Aanvullend partnerverlof opnemen is voor mensen met een inkomen rond het minimumloon duurder dan voor iemand met een modaal inkomen. Dat blijkt uit berekeningen van ‘NRC’.
Door belastingeffecten valt hun inkomen tijdens het verlof veel harder terug.
Nadeliger voor minimumloon
Sinds vorig jaar juli hebben partners na de geboorte van hun kind niet alleen recht op een week volledig betaald verlof, maar ook op vijf weken aanvullend partnerverlof, tegen 70 procent van hun salaris. Voor de meeste mensen leidt dit partnerverlof tot een netto-inkomensverlies van 20 procent. Maar de laagste inkomens gaan er door negatieve belastingeffecten rond de 30 procent op achteruit.
Het nadeel is het grootst rond het minimumloon (bruto 1701 euro per maand). Daarna loopt het nadeel geleidelijk af tot een inkomen van ongeveer 10 procent boven het minimumloon.

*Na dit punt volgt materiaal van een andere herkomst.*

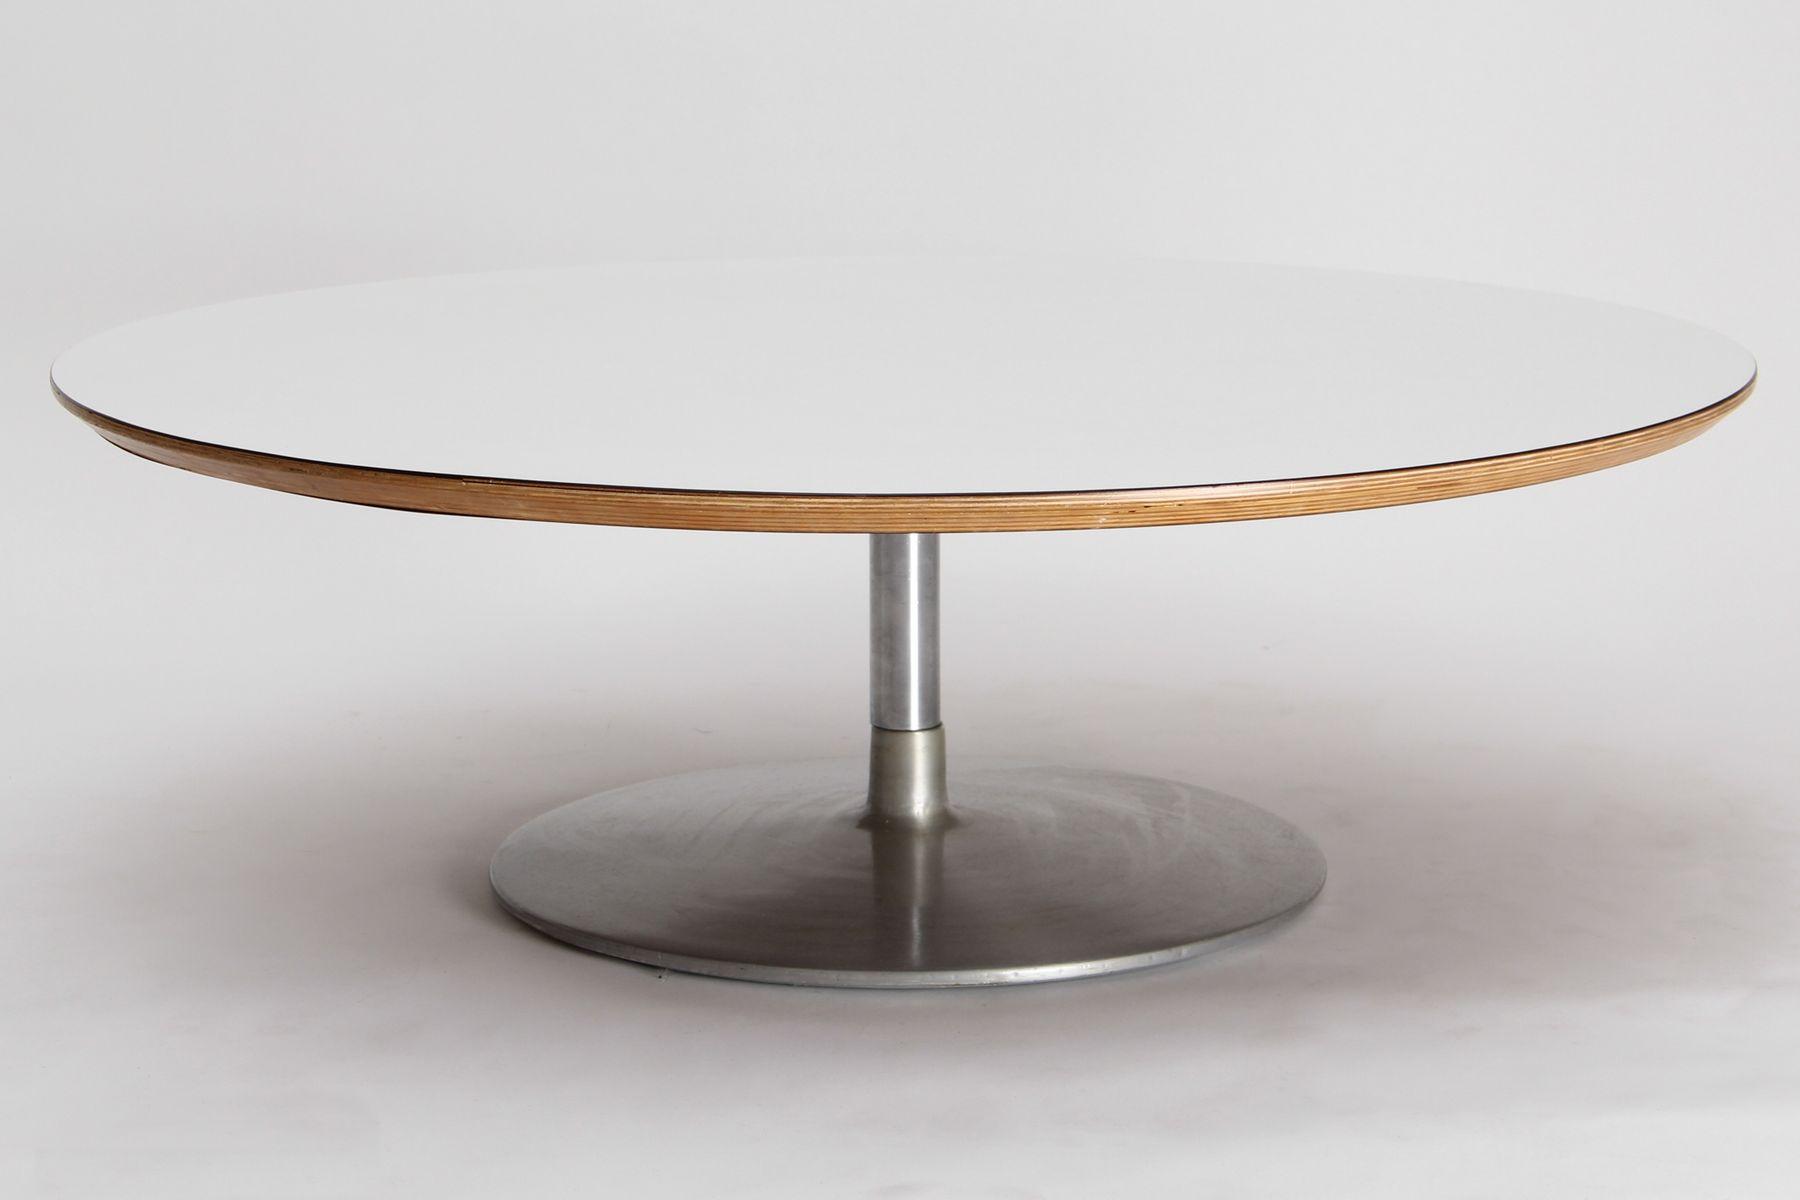 beau table basse design jersey home idea

Het nadeel heeft volgens de krant te maken met arbeidskorting. Dat belastingvoordeel gaat bij minimuminkomens harder omlaag dan bij middeninkomens. NRC maakte de berekeningen met behulp van online rekentool BerekenHet.nl en liet die narekenen door een financieel deskundige.
Aanvullend partnerverlof
Vanaf juli 2020 krijgen partners een aanvullend kraamverlof van vijf weken. Tijdens het verlof krijgen zij geen salaris, maar een uitkering van het UWV. Het verlof moet worden opgenomen binnen zes maanden na de geboorte.